There are things that can only be experienced over time and through commitment to sticking it out. After 25 years my relationship is very different than it was after 5 years. Our relationship has not always been smooth and easy. We have had some very difficult times. At this place in time our relationship has a depth that would not have been possible except through years of relationship with one person. After 25 years it’s not a stale or boring relationship. In fact I love her now in a much deeper way than I ever have. I have complete trust in the woman I’m married to. I never question her motives or intent. When she says something I have a hard time with I can go straight to trying to understand her instead of hearing her with suspicion.

I know this will come off strange to the younger people on this forum and it may smack of a stereotype of older people, so I am asking you now to cut me some slack and try to read past my poor way of wording this.
I don’t expect a person in their 20’s to be able to fully grasp that kind of relationship with a lover because I certainly wouldn’t have understood that a relationship like this is possible until I had been in one for 15 years or more.

I know there are rotten marriages and relationships and I’m in no way saying that a person should stay in one of those. Tough times don’t always mean bad relationship though.

I’ll just leave it there, if I say more it may just go around in circles.

I have little to say about polyamory. Unless I change significantly, polyamory is unlikely to be something I’ll experience in life.

I don’t think it would be impossible… I’m sure it has happened before. But circumstances would have to be right.

If you and your partner have good communication and respect, it shouldn’t be that hard to say something like, “How do you feel about polyamory? Would you ever consider trying it?”

I had a relationship about 6 months ago that, while not polyamorous, involved a number of conversations (esp at the beginning) about emotional commitment expectations, because at the time we met, he was also interested in a couple of other people, and because for various reasons we weren’t sure how far we wanted the relationship to develop. (He went on two dates with another person while we were together, in a way that was acceptible to me [I was informed beforehand; he didn’t cross any of the lines that we agreed upon - e.g., no physical intimacy with another person].)

In our conversations, we agreed on a number of points:

  1. To check in periodically, and whenever necessary, about how we felt about each other and what level of commitment we wanted.
  2. To be honest and open, on an ongoing basis, about any possible “other people” and to mutually determine how much involvement is acceptible at any given time.
  3. To continue to articulate our respective expecations about behavior within the relationship.

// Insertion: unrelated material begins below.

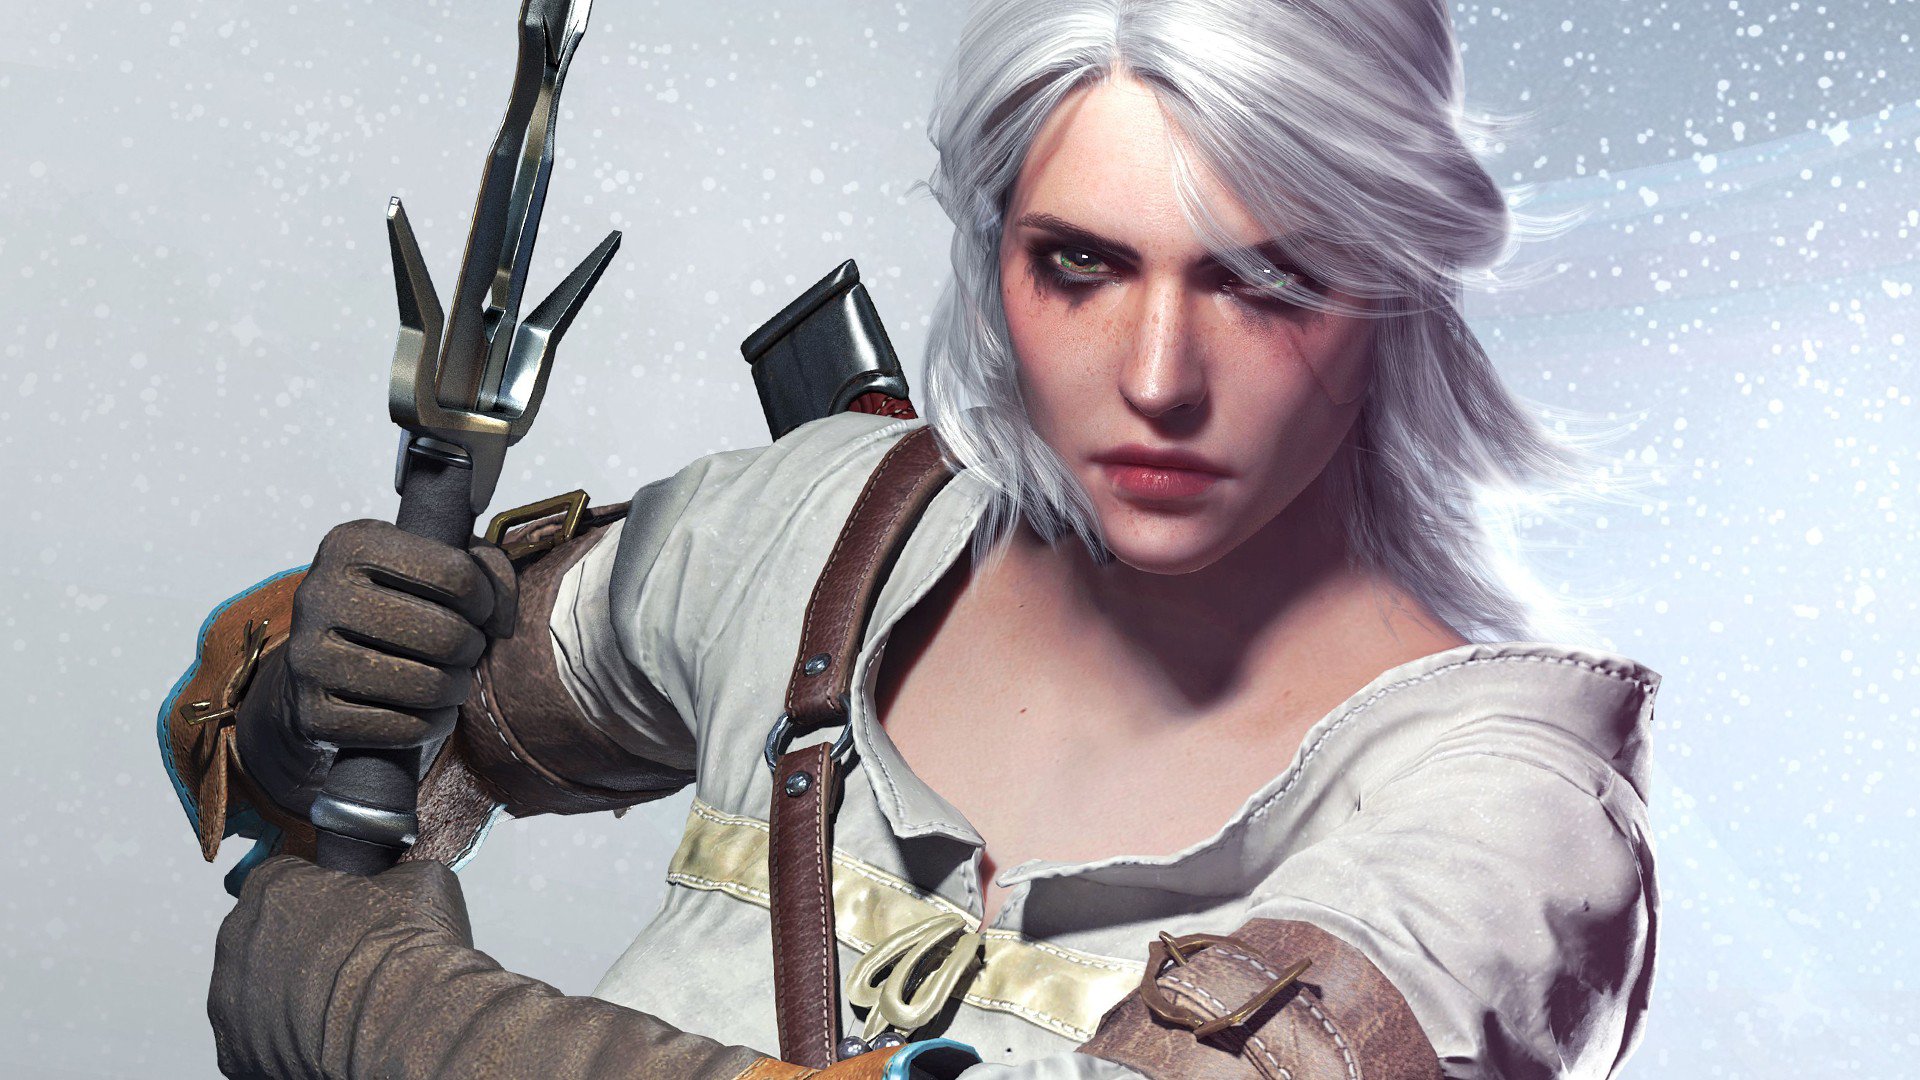 ciri wallpaper,cg artwork,fictional character,massively multiplayer online role playing game

It worked surprisingly well for us, because we communicated well and often, so neither of us felt too far removed from the other and it enabled a certain symbiotic, adaptative fluidity as different situations arose. (The fact that we have similar personalities and thinking processes really helped; I am an INFJ, he an xNTJ.) In the end, we didn’t break up due to jealousy and/or the influence of exterior love interests, but because we just weren’t compatible…we have different lifestyles and valued different things in life. (Also, he had/has an alcohol problem that made commitment past a certain level impossible, but that’s another story for another day…)

i consider myself open to the polyamorous route in relationships, and i think it would be hard for me but maybe a constructive challenge.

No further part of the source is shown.